Top of Given data

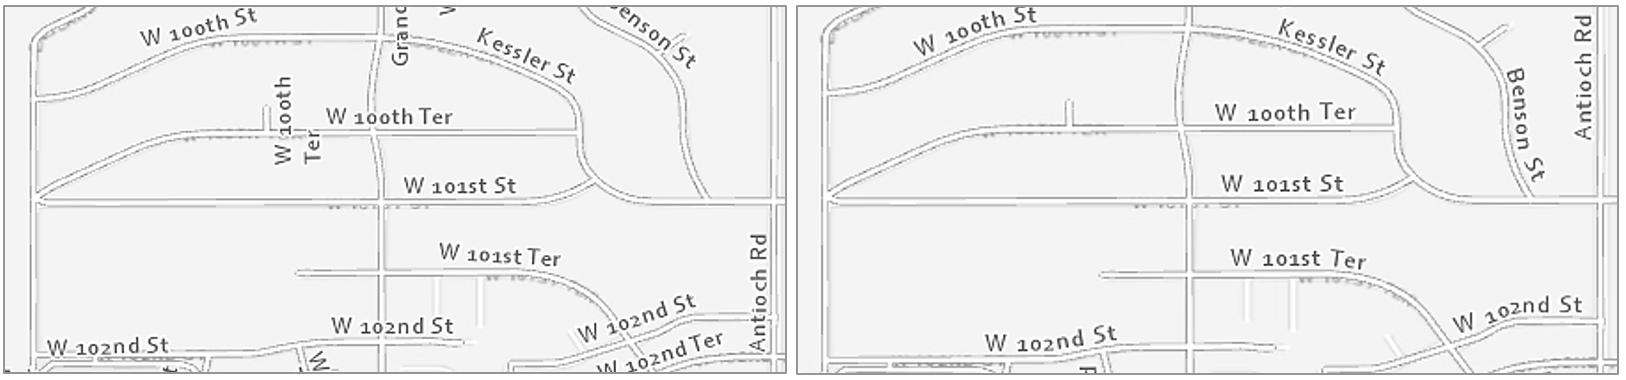 two map examples showing inferior and improved street label placements, see text above
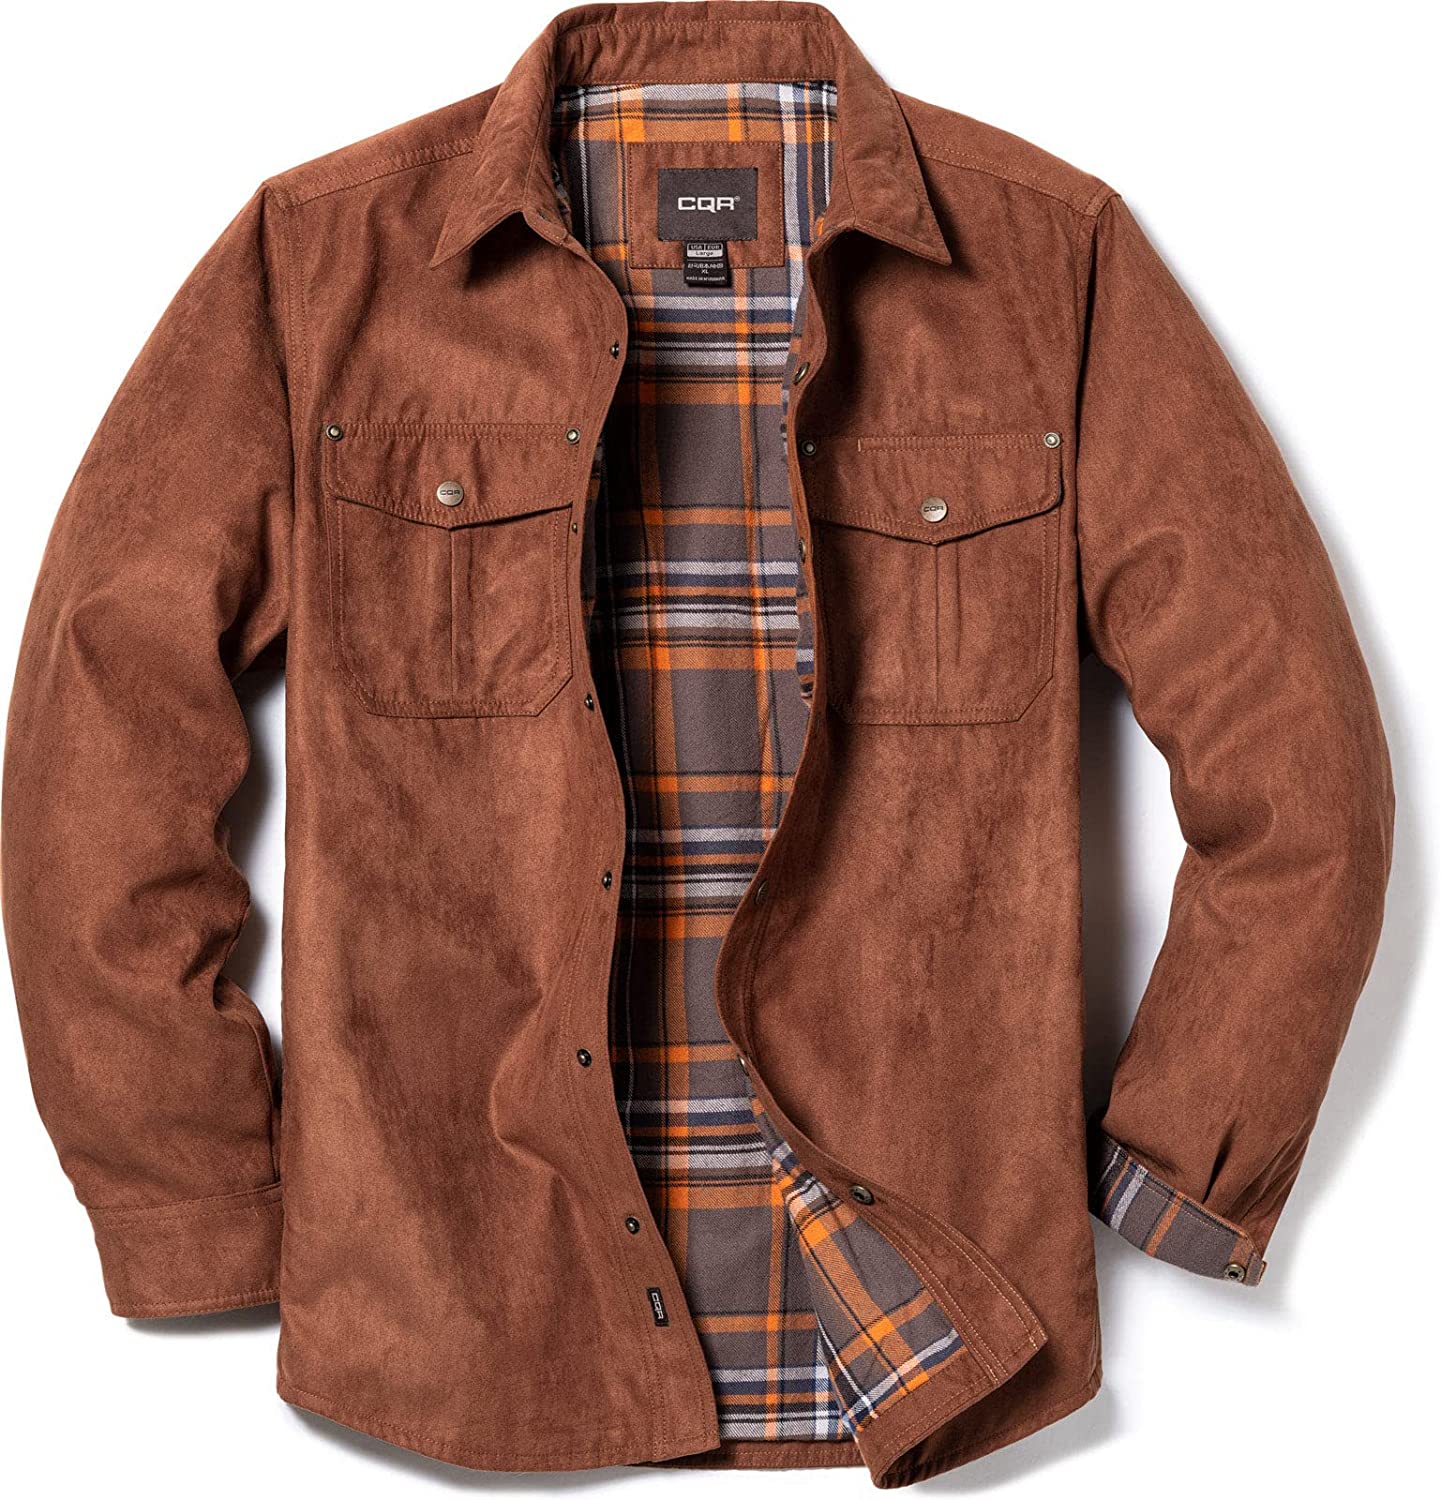 CQR Men's Flannel Lined Shirt Jackets Long Sleeved Rugged Plaid Cotton Brushed Suede Shirt Jacket 
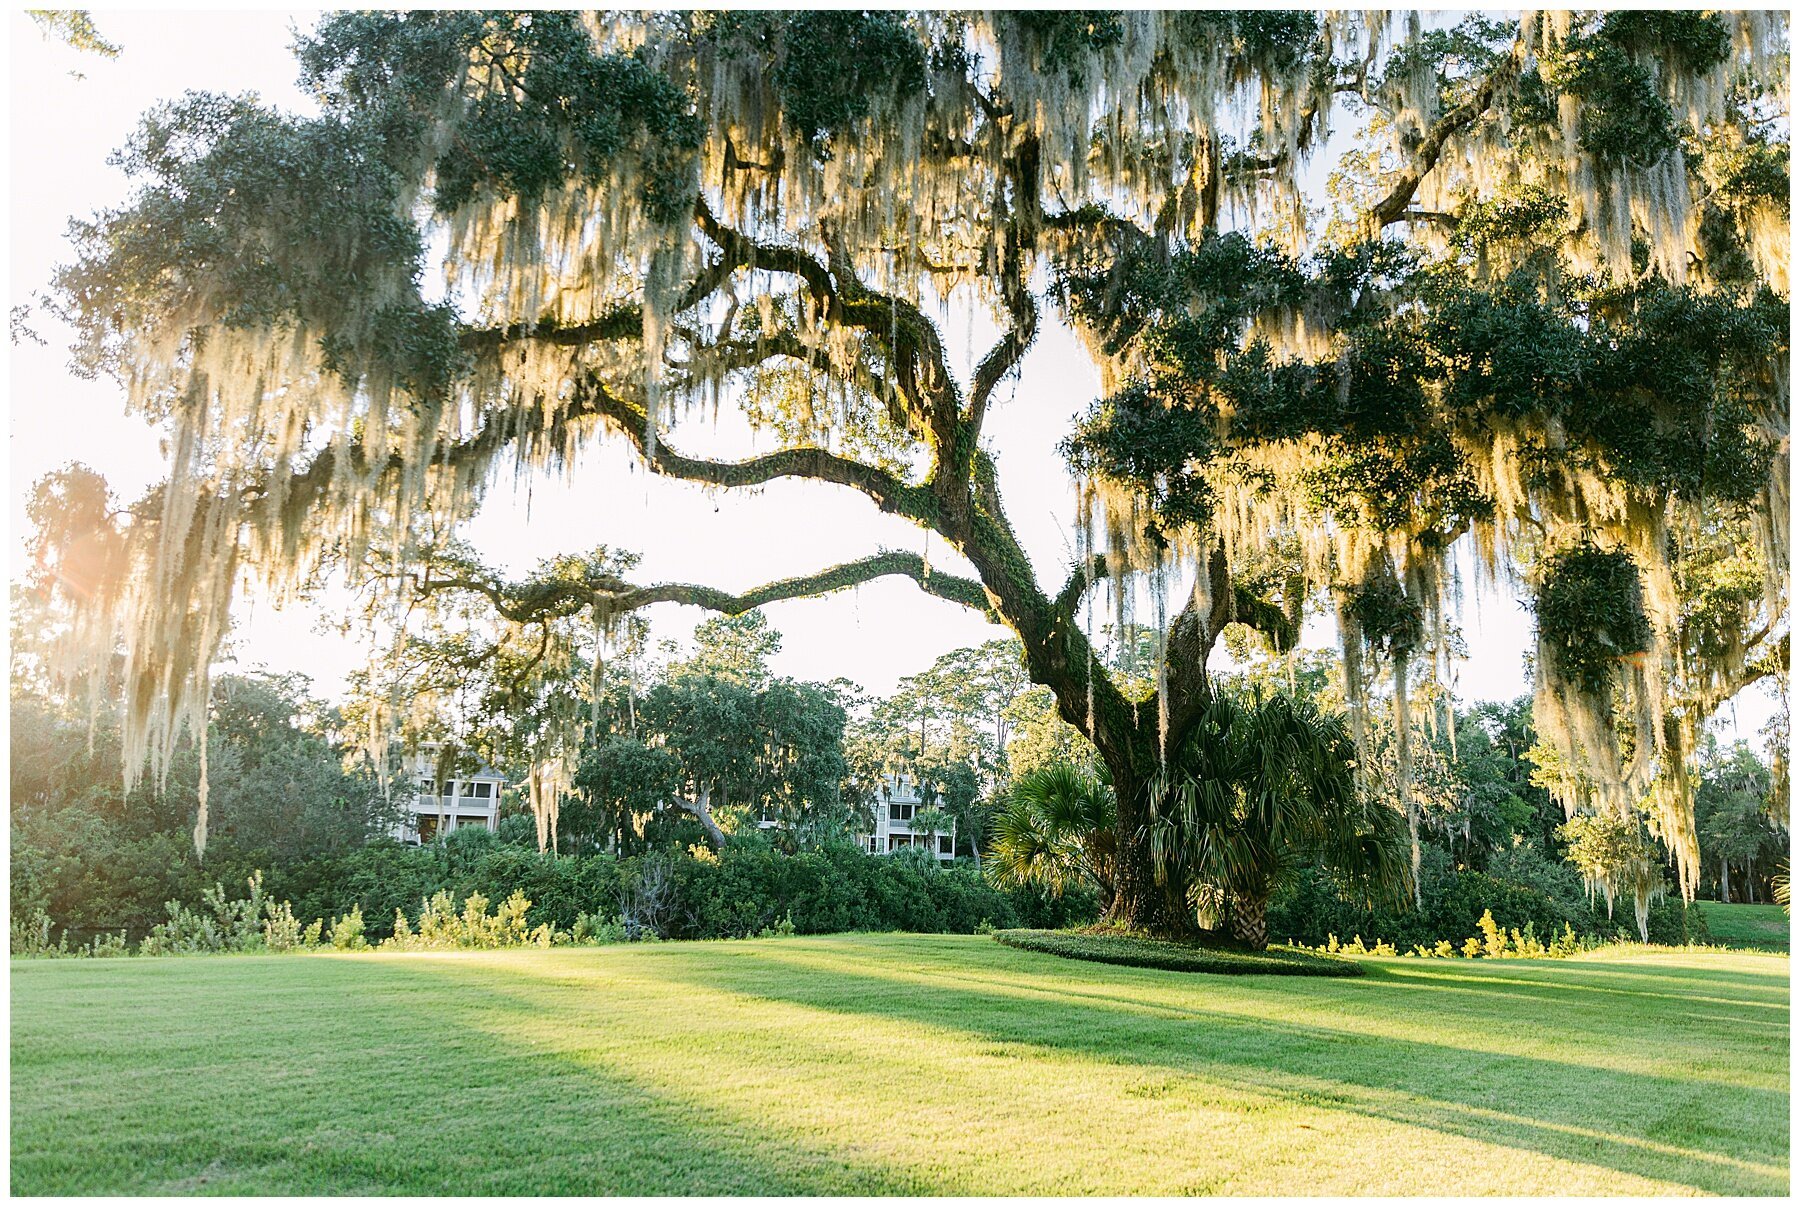 Katherine_Ives_Photography_Mcmillen_Montage_Palmetto_Bluff_13.jpg
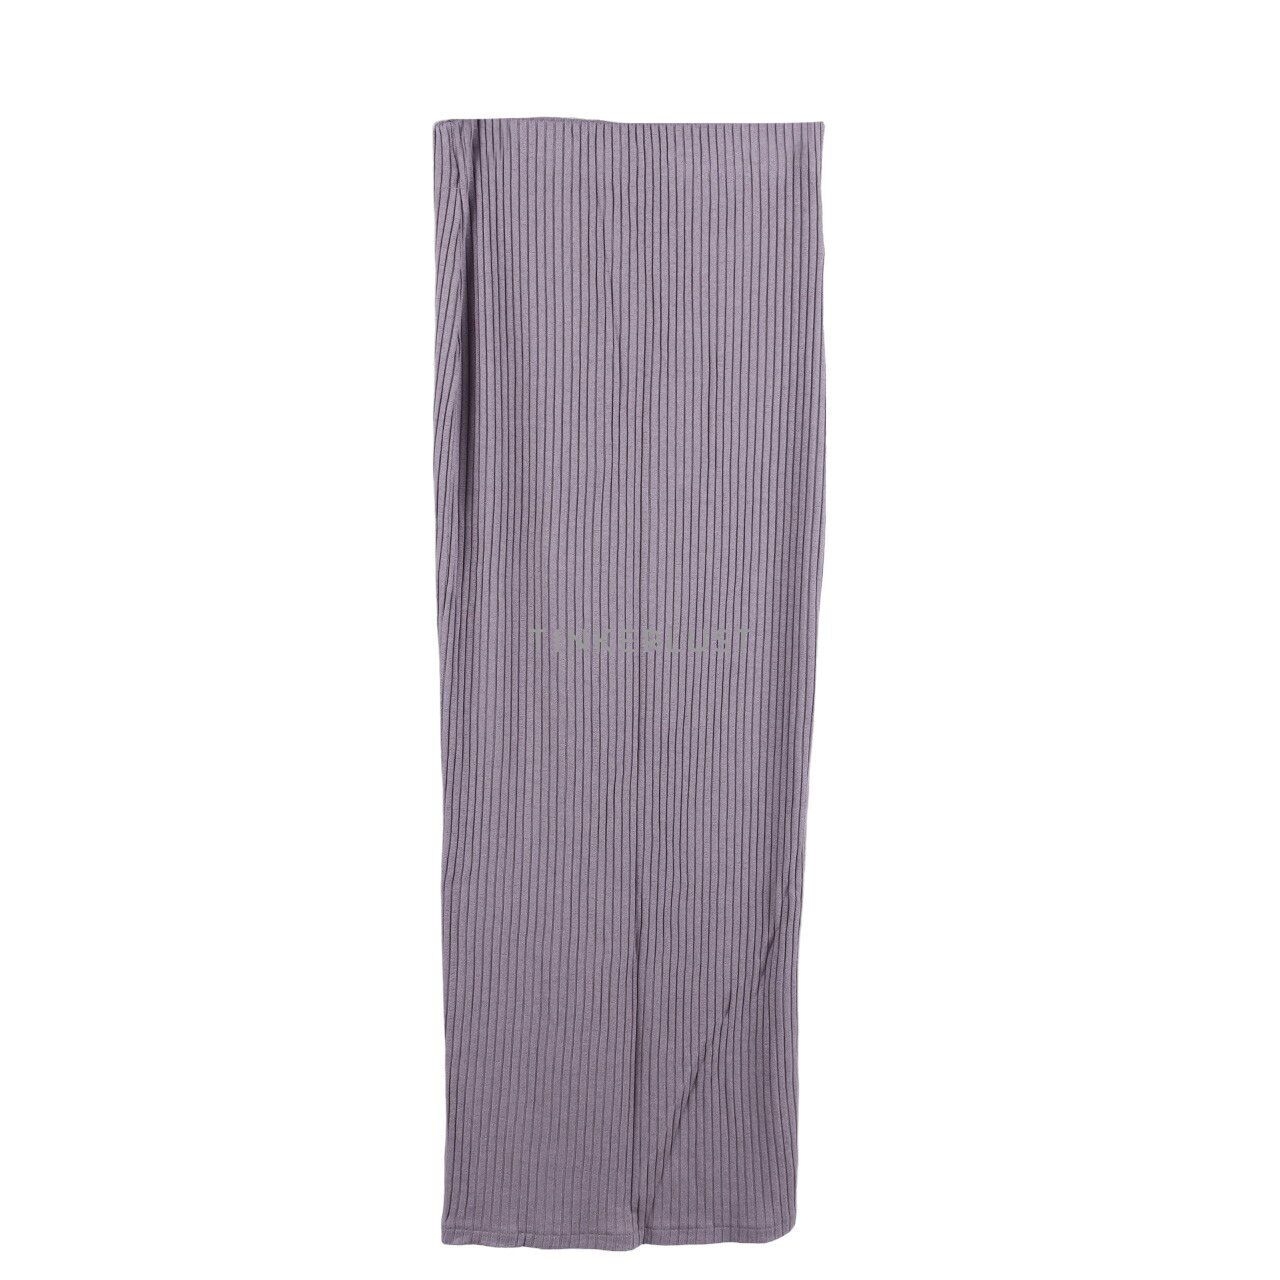 Private Collection Grey Slit Maxi Skirt

Bottom of Given data

Required work
With pictures excluded, copy exactly the lines from the line containing "CQR Men's Flannel" through the last line of the listing above, both ends included.

Reply to the task
 CQR Men's Flannel Lined Shirt Jackets Long Sleeved Rugged Plaid Cotton Brushed Suede Shirt Jacket 
 Katherine_Ives_Photography_Mcmillen_Montage_Palmetto_Bluff_13.jpg
 Private Collection Grey Slit Maxi Skirt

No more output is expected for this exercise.